Current answer for task feature_importance_top3 is: [['RESOURCE', 'MGR_ID', 'ROLE_DEPTNAME']]


## Shap values

Let's train the model one more time.

In [74]:
from catboost import CatBoostClassifier
model = CatBoostClassifier(
    iterations=300,
    max_ctr_complexity=1,
    random_seed=43
)
model.fit(
    X, y,
    cat_features=cat_features,
    verbose=50
)

Learning rate set to 0.137885
0:	learn: 0.5379892	total: 45.2ms	remaining: 13.5s
50:	learn: 0.1642268	total: 1.89s	remaining: 9.23s
100:	learn: 0.1579621	total: 3.81s	remaining: 7.51s
150:	learn: 0.1533024	total: 5.73s	remaining: 5.66s
200:	learn: 0.1486749	total: 7.66s	remaining: 3.77s
250:	learn: 0.1446334	total: 9.57s	remaining: 1.87s
299:	learn: 0.1411890	total: 11.5s	remaining: 0us


<catboost.core.CatBoostClassifier at 0x7fab4386eb38>

The library provides a way to understand which features are important for a given object.
Let's take a look on the whole dataset X and analyze the influence of different features on the objects from this dataset.
We will now calculate importances for each object. After that we will visualize these importances.

In [75]:
pool1 = Pool(data=X, label=y, cat_features=cat_features)
shap_values = model.get_feature_importance(data=pool1, fstr_type='ShapValues', verbose=10000)
print(shap_values.shape)

Processing trees...
128/300 trees processed	passed time: 148ms	remaining time: 198ms
300/300 trees processed	passed time: 373ms	remaining time: 0us
Processing documents...
128/32769 documents processed	passed time: 3.37ms	remaining time: 859ms
10112/32769 documents processed	passed time: 235ms	remaining time: 526ms
20096/32769 documents processed	passed time: 474ms	remaining time: 299ms
30080/32769 documents processed	passed time: 730ms	remaining time: 65.2ms
(32769, 10)


Let's look on the prediction of the model for 0-th object. The raw prediction is not the probability, to calculate probability from raw prediction you need to calculate sigmoid(raw_prediction).

In [76]:
test_objects = [X.iloc[0:1]]

for obj in test_objects:
    print('Probability of class 1 = {:.4f}'.format(model.predict_proba(obj)[0][1]))
    print('Formula raw prediction = {:.4f}'.format(model.predict(obj, prediction_type='RawFormulaVal')[0]))
    print('\n')

Probability of class 1 = 0.9948
Formula raw prediction = 5.2546




Sum of all shap values are equal to the resulting raw formula predition.
We can see on the graph that will be output below that there is a base value, which is equal for all the objects.
And almost all the feature have positive influence on this object. The biggest step to the right is because of the feature called 'MGR_ID'.

In [79]:
import shap
shap.initjs()
shap.force_plot(shap_values[0,:], X.iloc[0,:])

Exception: ignored

** Question 14: **

What is the most important feature for 91-th object

In [80]:
most_important_feature = 'RESOURCE'
grader.submit_tag('most_important', most_important_feature)
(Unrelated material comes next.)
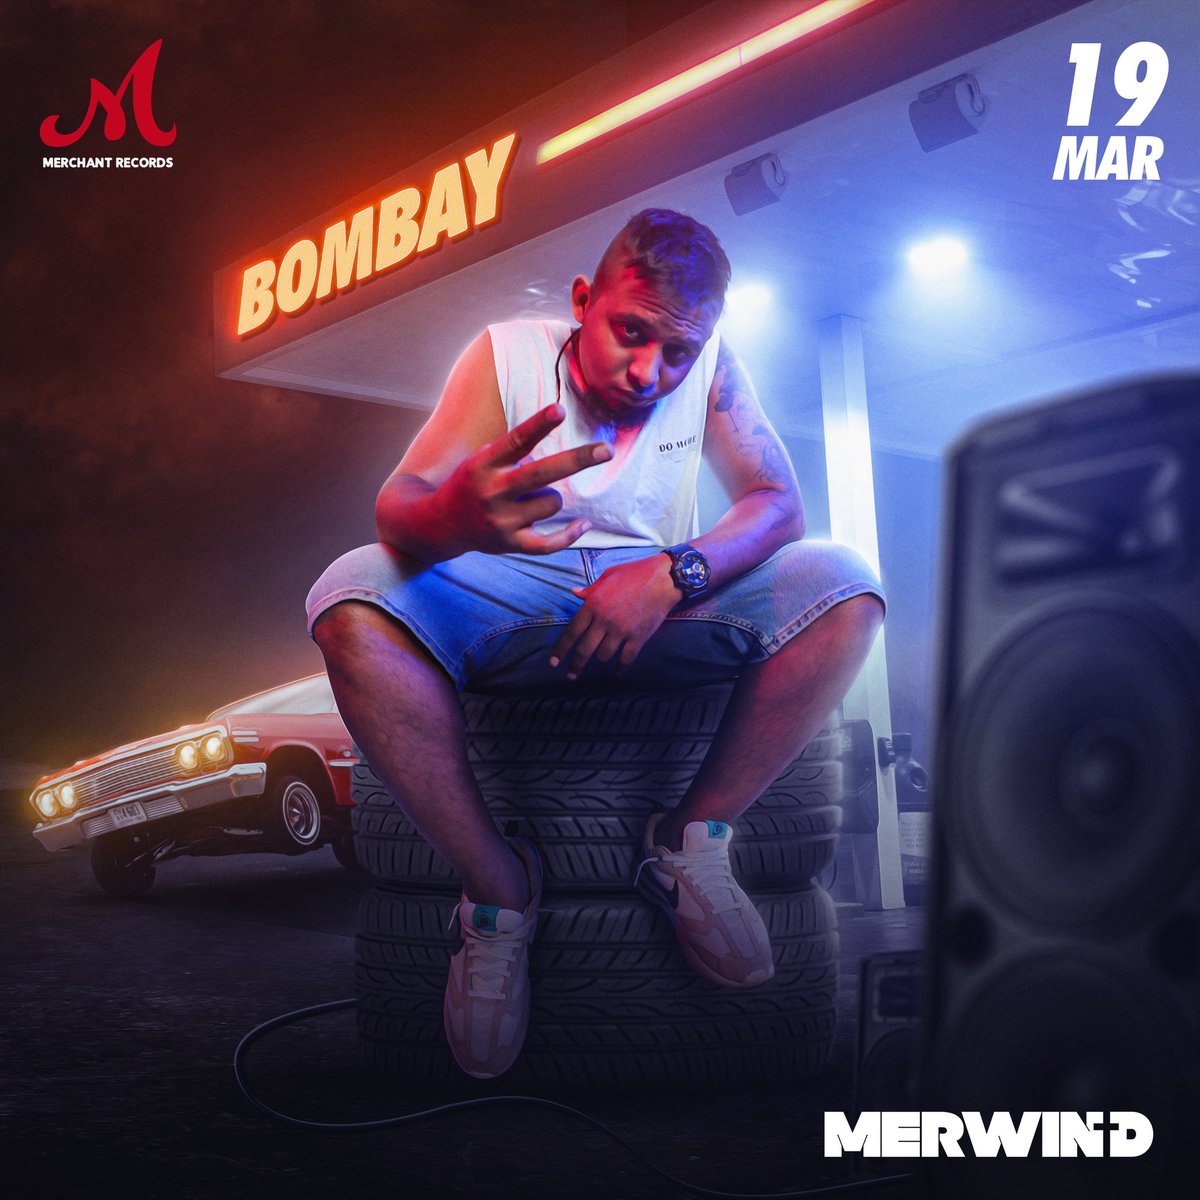 Experience the raw energy of the streets with #Bombay! Dropping March 19th on @salimsulaimanmusic's YouTube and all audio platforms. Don't miss @merwin_d & @anna_santiago.95 in action! 🎶🌆 @MerchantRecords @SlimSulaiman

Current answer for task most_important is: RESOURCE


** Question 15: **

Does it have positive or negative influence? Answer 1 if positive and -1 if negative.

In [81]:
influence_sign = -1
grader.submit_tag('shap_influence', influence_sign)
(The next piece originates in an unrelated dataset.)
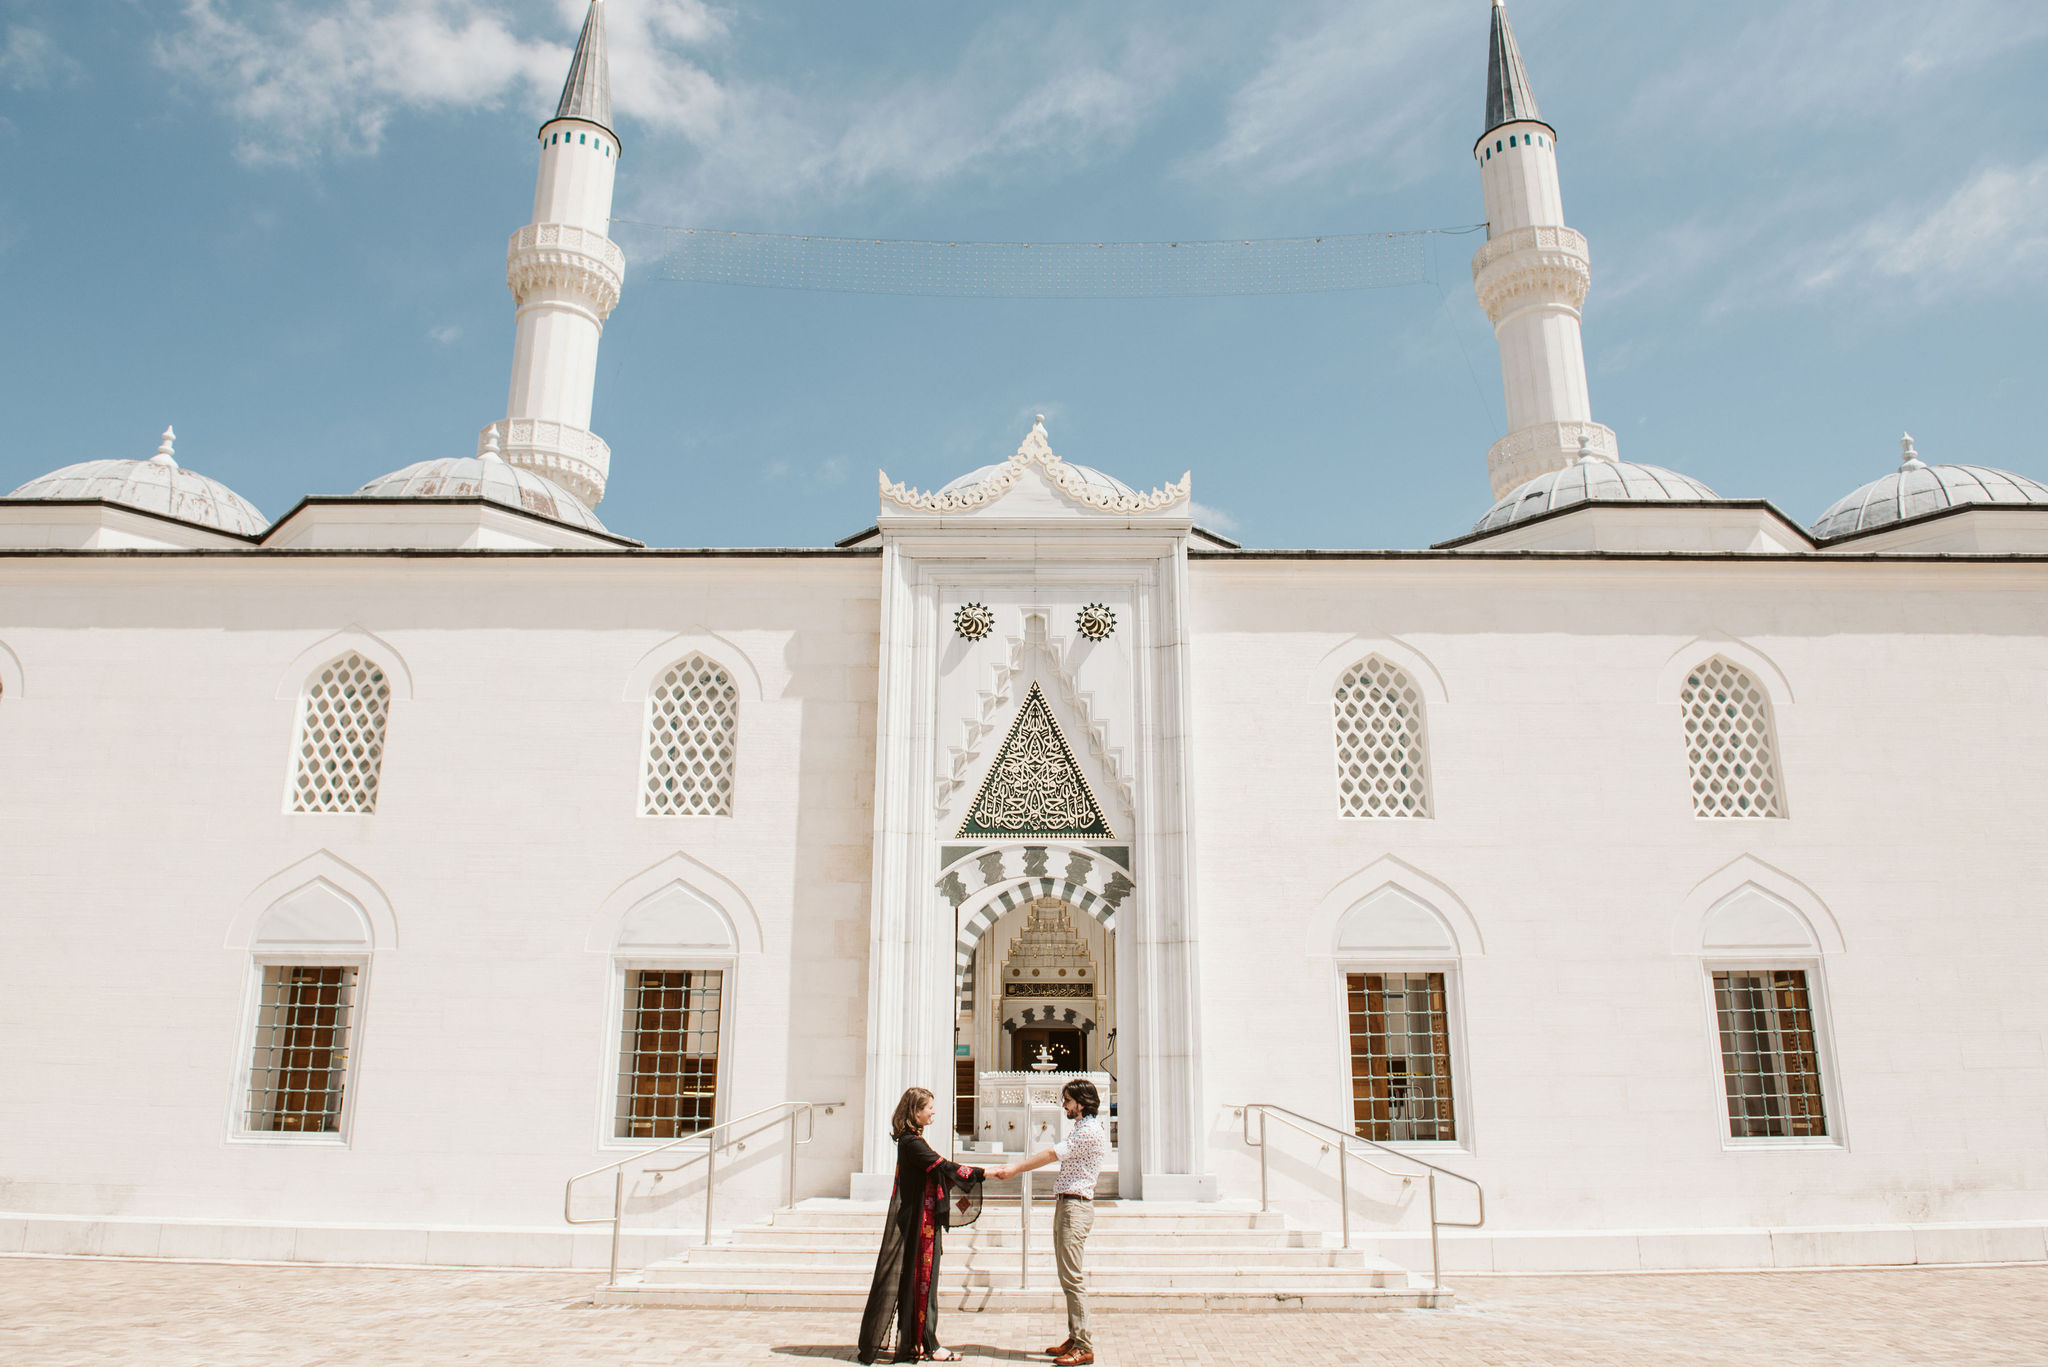    Washington DC, Baltimore Wedding Photographer, Diyanet Center of America, Spring, Intimate Wedding, Traditional, Classic, Palestinian, Turkish Design, Couple Holds Hands Outside of Venue

Current answer for task shap_influence is: -1


You can also view aggregated information about the influences on the whole dataset.

In [82]:
shap.summary_plot(shap_values, X)

AssertionError: ignored

From this graph you can see that values of MGR_ID and RESOURCE features have a large negative impact for many objects.
You can also see that RESOURCE has largest positive impact for many objects.

## Saving the model

You can save your model as a binary file. It is also possible to save the model as Python or C++ code.
If you save the model as a binary file you can then look on the parameters with which the model was trained, including learning_rate and random_seed that are set automatically if you don't specify them.

In [83]:
my_best_model = CatBoostClassifier(iterations=10)
my_best_model.fit(
    X_train, y_train,
    eval_set=(X_validation, y_validation),
    cat_features=cat_features,
    verbose=False
)
my_best_model.save_model('catboost_model.bin')

In [84]:
my_best_model.load_model('catboost_model.bin')
print(my_best_model.get_params())
print(my_best_model.random_seed_)
print(my_best_model.learning_rate_)

{'iterations': 10, 'loss_function': 'Logloss', 'verbose': 0}
0
0.5


## Hyperparameter tunning

You can tune the parameters to get better speed or better quality.
Here is the list of parameters that are important for speed and accuracy.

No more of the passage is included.